[htdig] A Suggestion on Accents

Subject: [htdig] A Suggestion on Accents
From: D.J.Adams@soton.ac.uk
Date: Mon May 15 2000 - 04:34:05 PDT

Our web pages are overwhelmingly in English, but we do have academics who
put up pages in other languages and would like them to be searchable. I'm
sure that this is quite common.

Rather than a fuzzy accents search method, why not make the htdig database
accent independent? After all, it is case independent already!
For example:

Garçon -> Garçon -> garçon -> garcon

and 'garcon' goes into the database.

Is this a sensible suggestion? Entering 'garcon' into an English-language
version of (say) Netscape is a lot easier than entering 'garçon', and it
seems reasonable to me that a search for 'garcon' will find not only 'garcon'
and 'Garcon' but also 'garçon' and 'Garçon'.

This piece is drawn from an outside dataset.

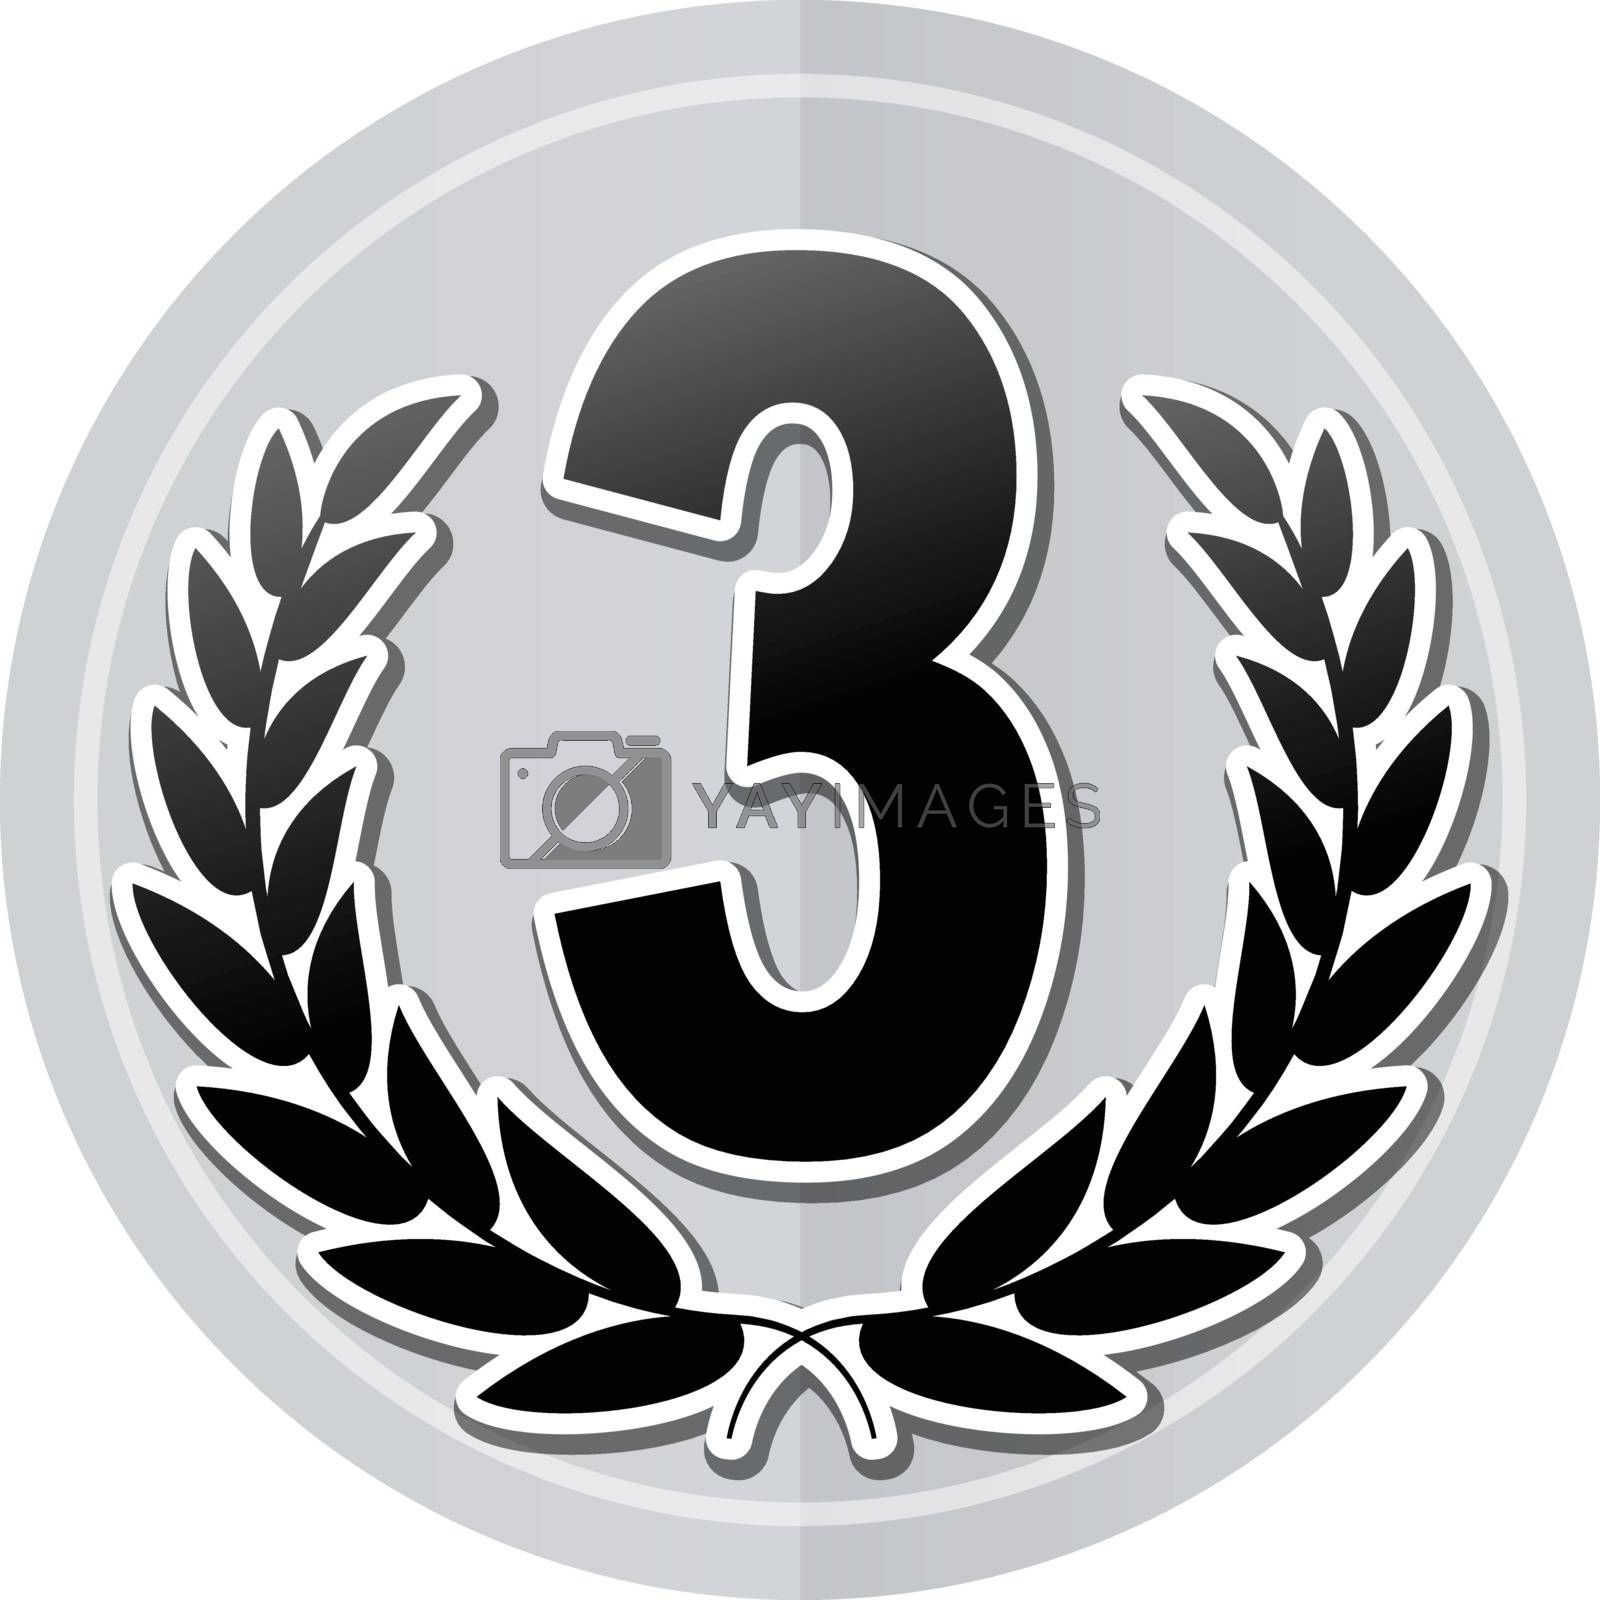 Illustration of third sticker icon simple design
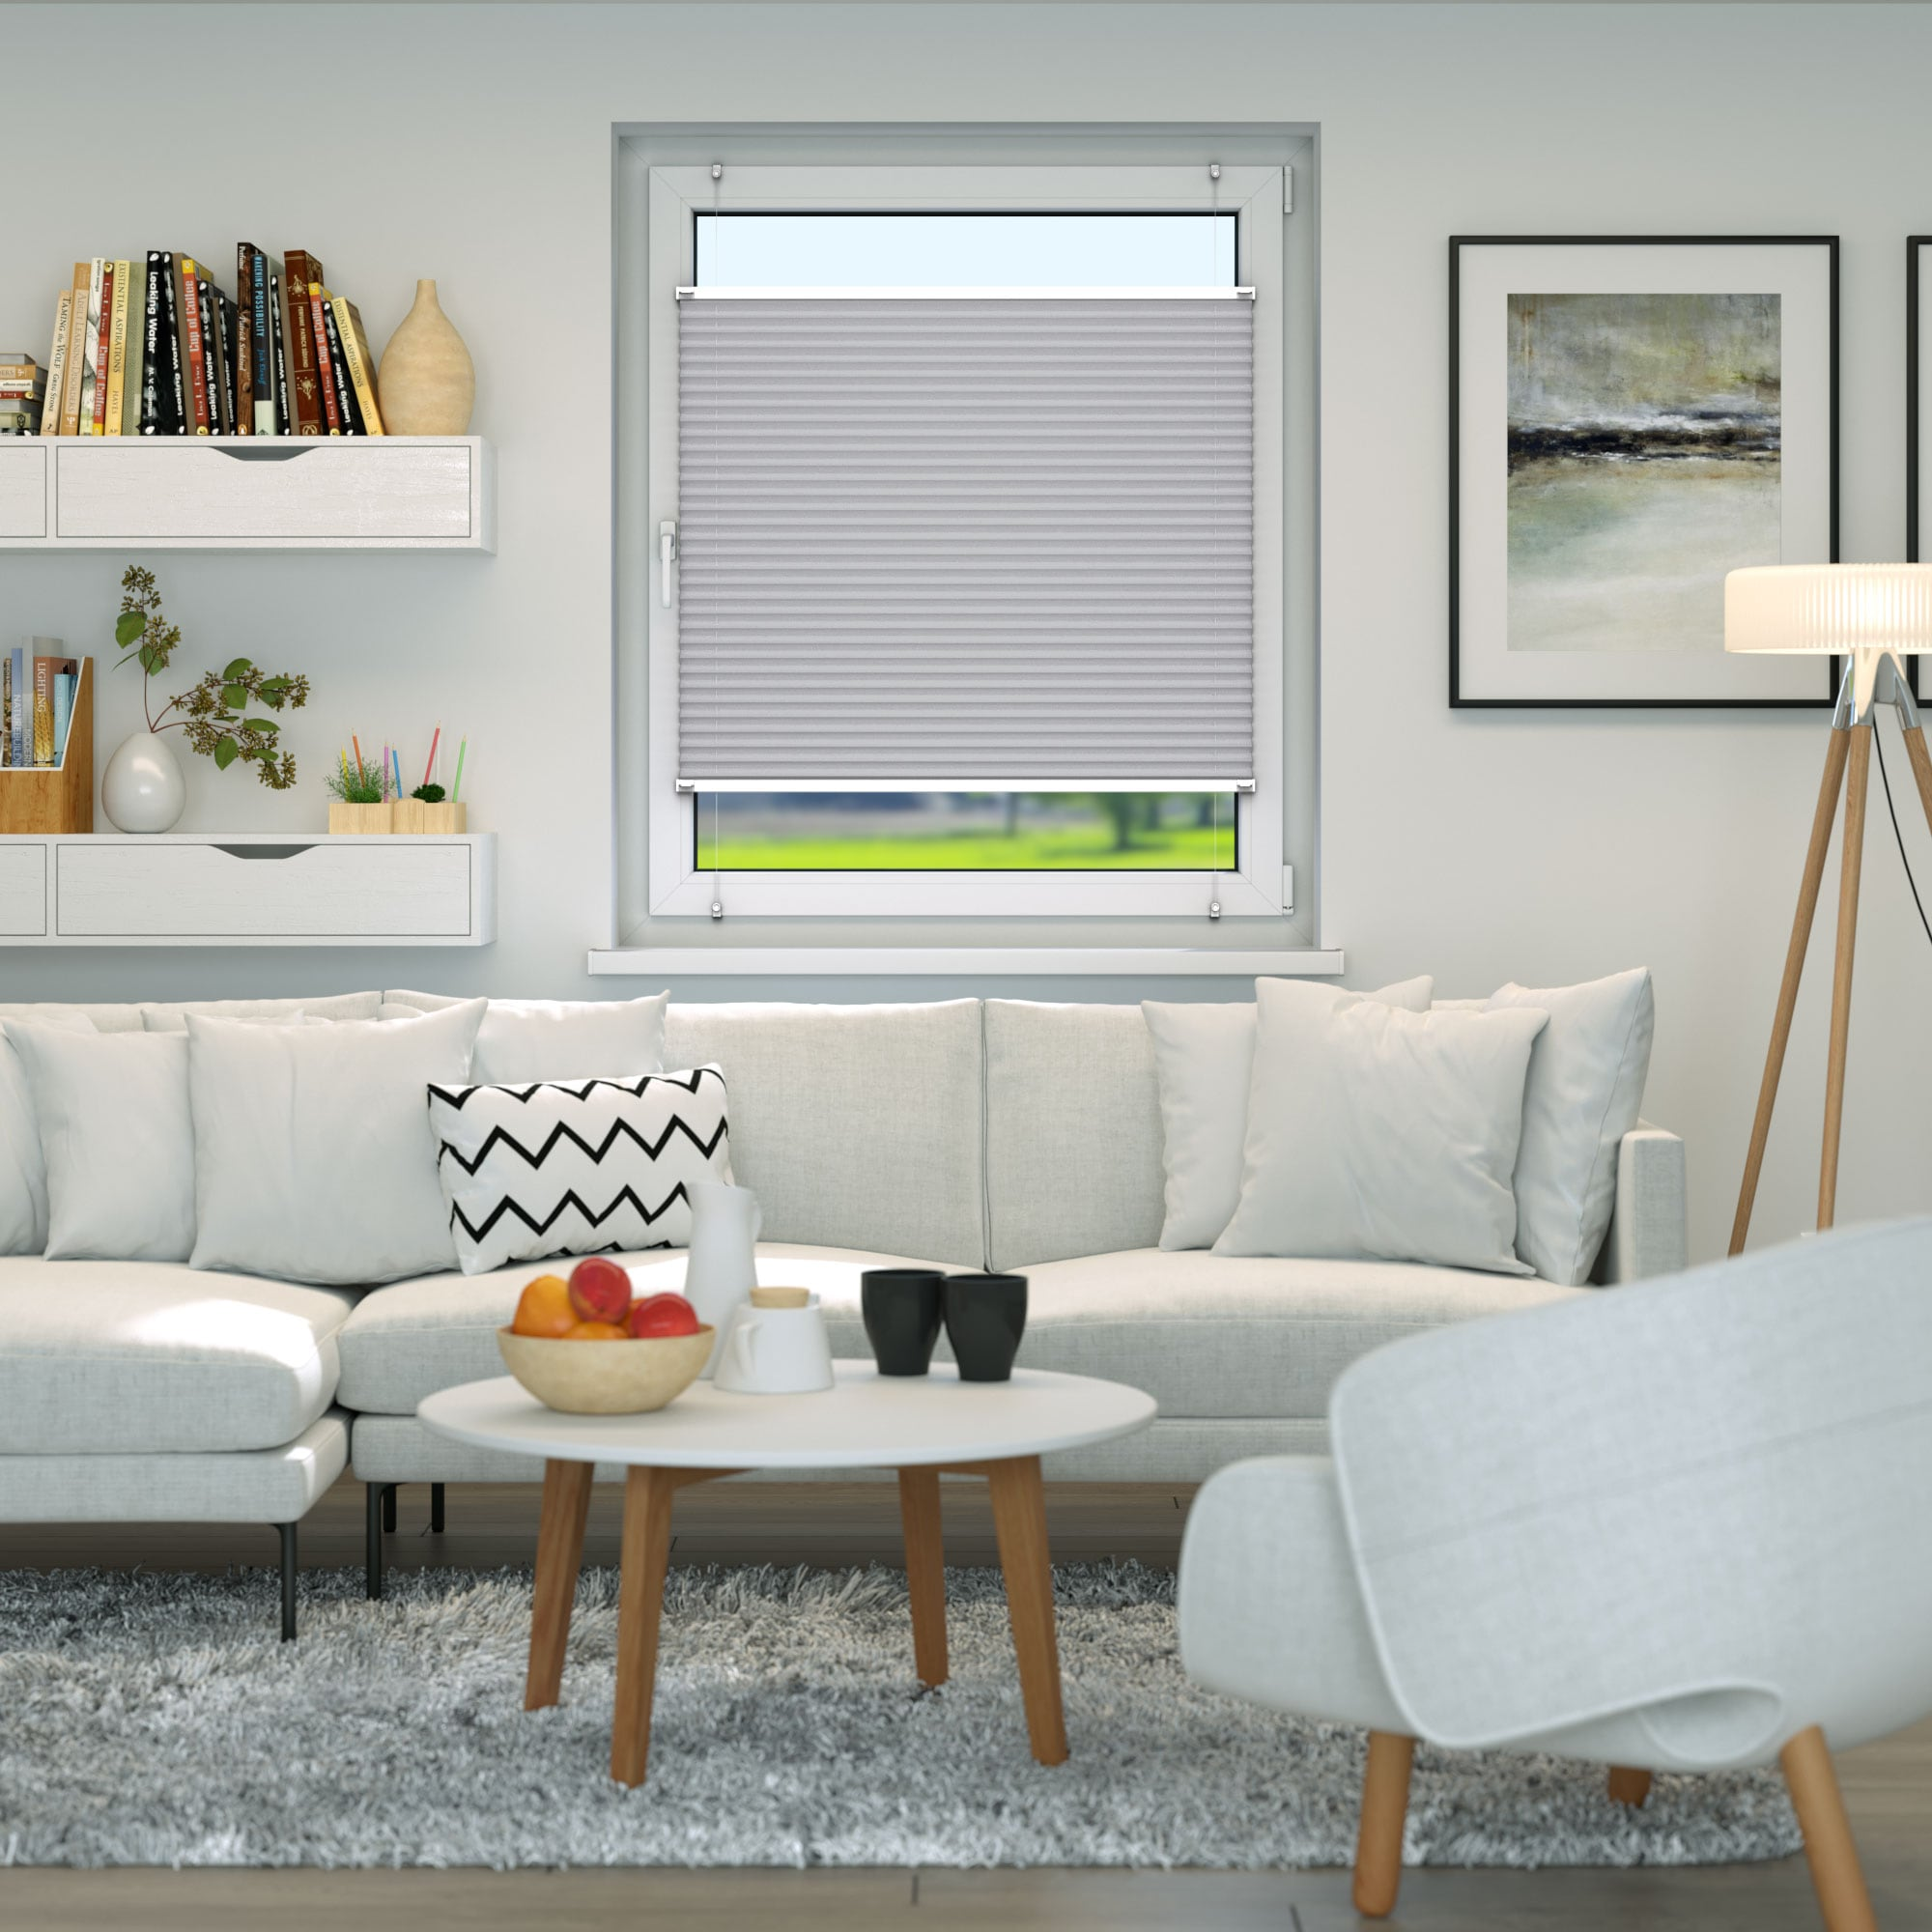 Klemmfix-Plissee-Faltrollo-ohne-Bohren-Fenster-Tuer-Plisseerollo-Plisee-Easyfix Indexbild 17

I would even volunteer to work on a patch myself, but I lack knowledge of
locales, and anything I wrote would probably cause more problems than it
would solve.

David J Adams
Computing Services
University of Southampton

------------------------------------ To unsubscribe from the htdig mailing list, send a message to htdig-unsubscribe@htdig.org You will receive a message to confirm this.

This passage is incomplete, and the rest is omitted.